Here is a list summarizing the most salient differences between casual riders and annual members:
I now visualized some of these salient differences between casual riders and annual members.
First, I visualized the difference in average ride length (in minutes) by day of the week, in a clustered column chart.
all_trips %>%
group_by(usertype, day_of_week) %>%
summarize(
average_ride_length = mean(trip_duration),
avg_ride_length_mins = average_ride_length/60
) %>%
arrange(usertype, day_of_week) %>%
ggplot() +
geom_col(mapping = aes(x = day_of_week, y = avg_ride_length_mins, fill = usertype), position = "dodge") +
labs(
title = "Average ride length by user type and day of the week",
subtitle = "Casual riders have much longer average rides (especially on Friday)",
x = " ",
y = "Average ride length (mins)",
fill = " "
)
Then I visualized the differences in numbers of rides by day of the week, again in a clustered column chart.
all_trips %>%
group_by(usertype, day_of_week) %>%
summarize(
number_of_rides = n(),
) %>%
ggplot() +
geom_col(mapping = aes(x = day_of_week, y = number_of_rides/1000, fill = usertype), position = "dodge") +
labs(
title = "Nunber of rides per day of the week by user type",
subtitle = "Annual members prefer weekday rides, while casual riders prefer weekend rides",
x = " ",
y = "Number of rides (thousands)",
fill = " "
)
Lastly, I visualized the gender proportions by user type, in a 100% stacked column chart.
ggplot(all_trips) +
geom_bar(mapping = aes(x = usertype, fill = gender), position = "fill") +
labs(
title = "Gender proportions by user type",
subtitle = "Annual members have a greater proportion of males",
x = " ",
y = " ",
fill = " "
)
Based on my analysis of the Cyclistic ride data for 2019, here are my top three recommendations (in no particular order) for how the Cyclistic marketing team can best attempt to convert more casual riders into annual members:
Casual riders trend younger than annual members and have a more balanced gender breakdown, so marketing efforts to convert casual riders into annual members should be targeted towards a younger and more gender-balanced audience.
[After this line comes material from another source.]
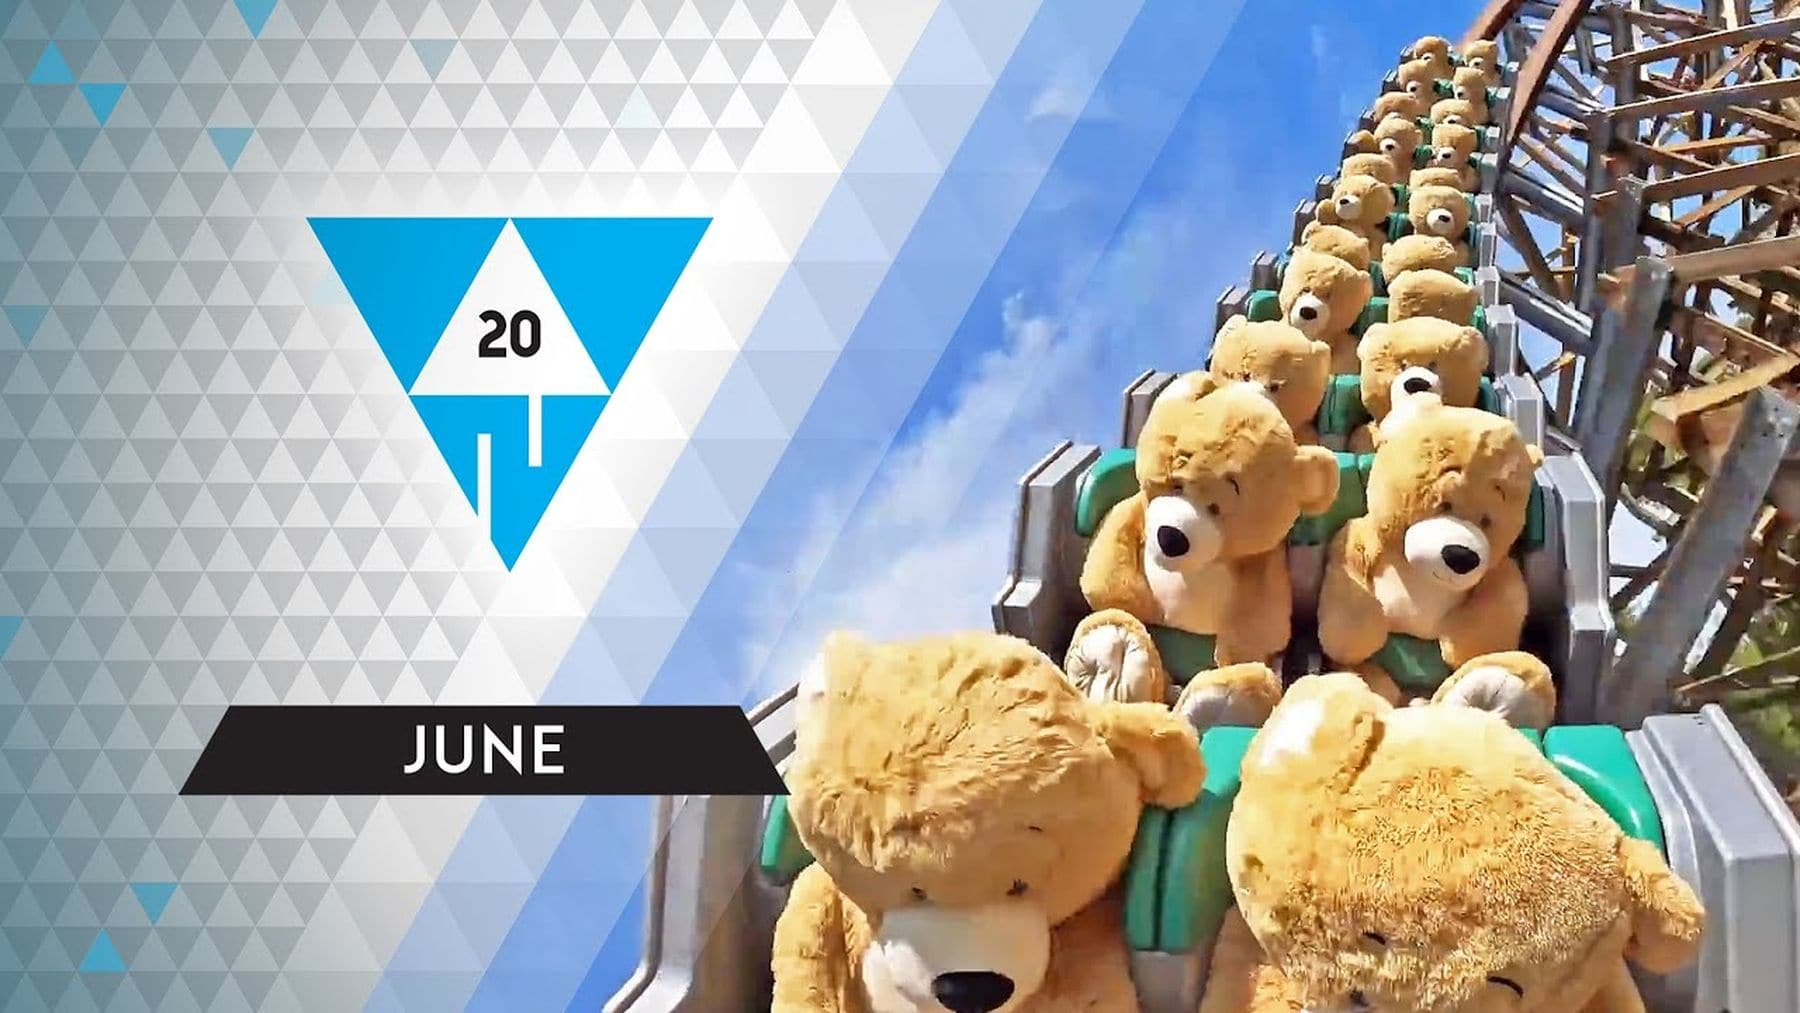 Win-Compilation Juni 2020 | Win-Compilation | Was is hier eigentlich los?

Casual riders prefer to ride on the weekend, so a marketing strategy to convince casual riders to purchase an annual membership might involve offering a discount on the annual membership fee if a majority of rides are taken on the weekend.
Casual riders take much longer rides on average, so a marketing strategy to convince casual riders to become annual members might involve offering a discount on the annual membership fee if a majority of the rides taken are longer than a certain time threshold.